Когда все кончилось, я выздоровела и снова оказалась на той постели, которую обороняли ребята, я долго тихо лежала - сил не было.

Катька сидела около меня, гладила против шерсти мою наголо обритую, теперь покрытую короткой щеточкой светлых волос голову и весело приговаривала:

- Стрижка... бры-ыська!..

Меня по возвращении сразу же ждало письмо от Сережи, и в нем было такое:

"Не скрою, твой поступок считаю глубоко малодушным. Неужели ты не нашла выхода, чтоб отдать все свои силы на служение хотя бы нашей новой Пролетарской Культуре?

Не ожидал от тебя, что ты так быстро и легко откажешься от своих взглядов и убеждений на цель жизни человека нашего времени и способна сдаться и искать "счастья" в болотце семейного благополучия!

Тебе видней.

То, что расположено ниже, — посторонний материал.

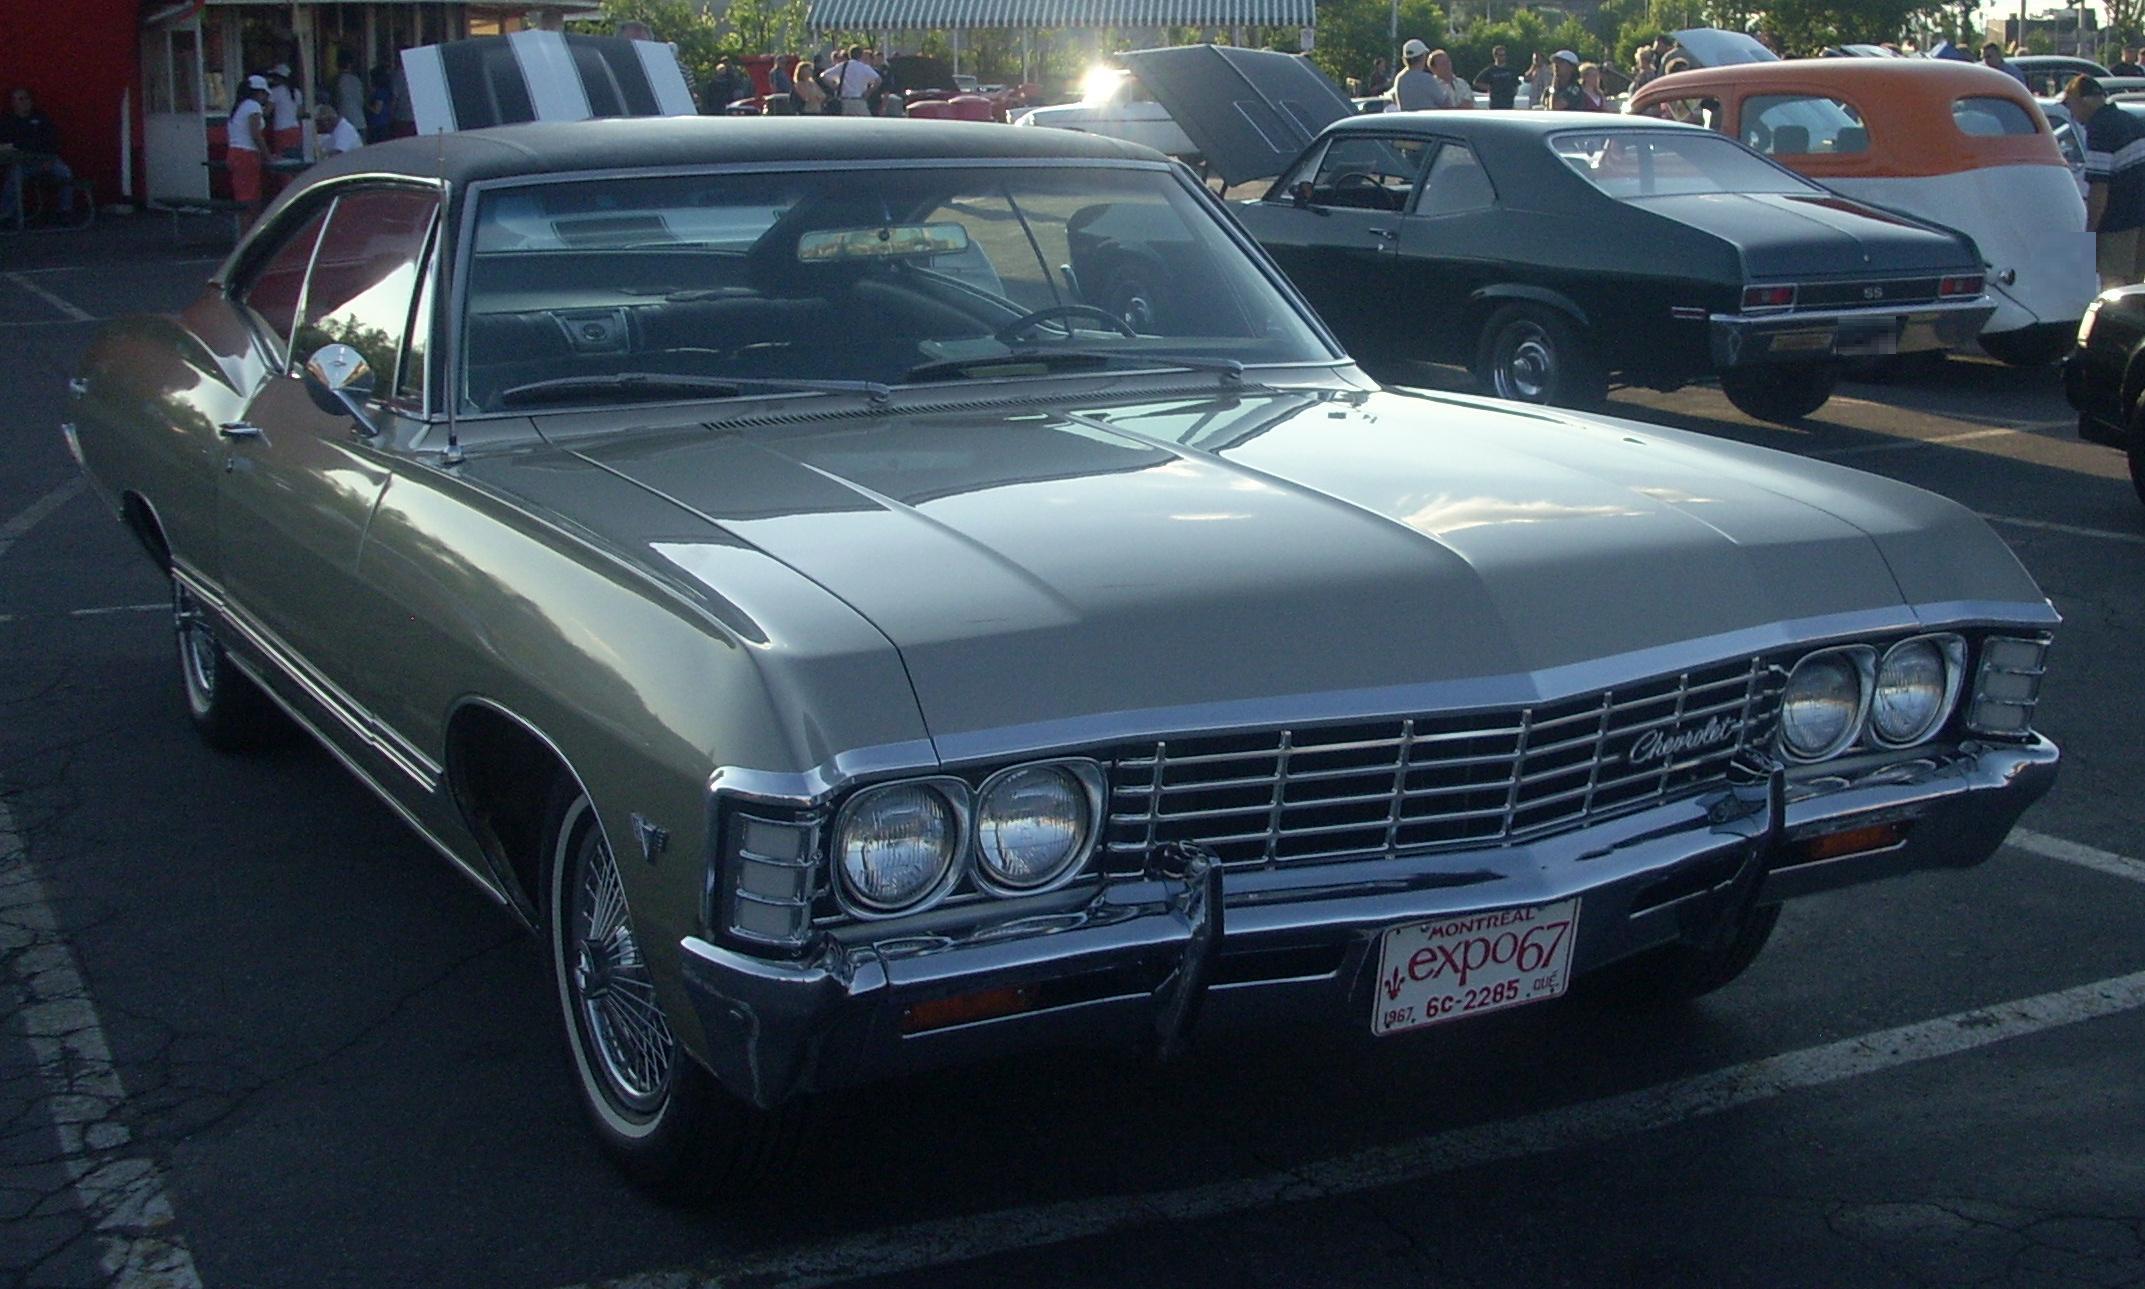 supernatural black 1967 chevy impala for sale autos post. Black Bedroom Furniture Sets. Home Design Ideas

За меня не беспокойся, как бы я ни устроил свою личную жизнь, она будет для меня всегда на третьем, на последнем плане!

Так что дошедшие через Ивантеева до тебя слухи о моей смерти - прошу считать соответствующими действительности.

Привет мужу!"

Я перечла письмо несколько раз, чтоб убедиться, что все так вот там в написано, нет ошибки и не приснилось мне.

Потом поднялась кое-как, пошла к плите, открыла дверцы и смотрела, как оно вспыхнуло, сгорело и пепельными лепестками улетело, подхваченное тягой.

Я хожу, пошатываясь, цепляясь за притолоки, - от постели до стола, как люди плавают от берега до островка, чтобы не утонуть. Сил у меня нет, даже на горе.

В "доме" - старой Сильвестровой кухне и комнате с единственной кроватью, покрытой лоскутовым одеялом, - пахнет заговорами, враждой и ненавистью, не хуже, чем в каком-нибудь родовом замке.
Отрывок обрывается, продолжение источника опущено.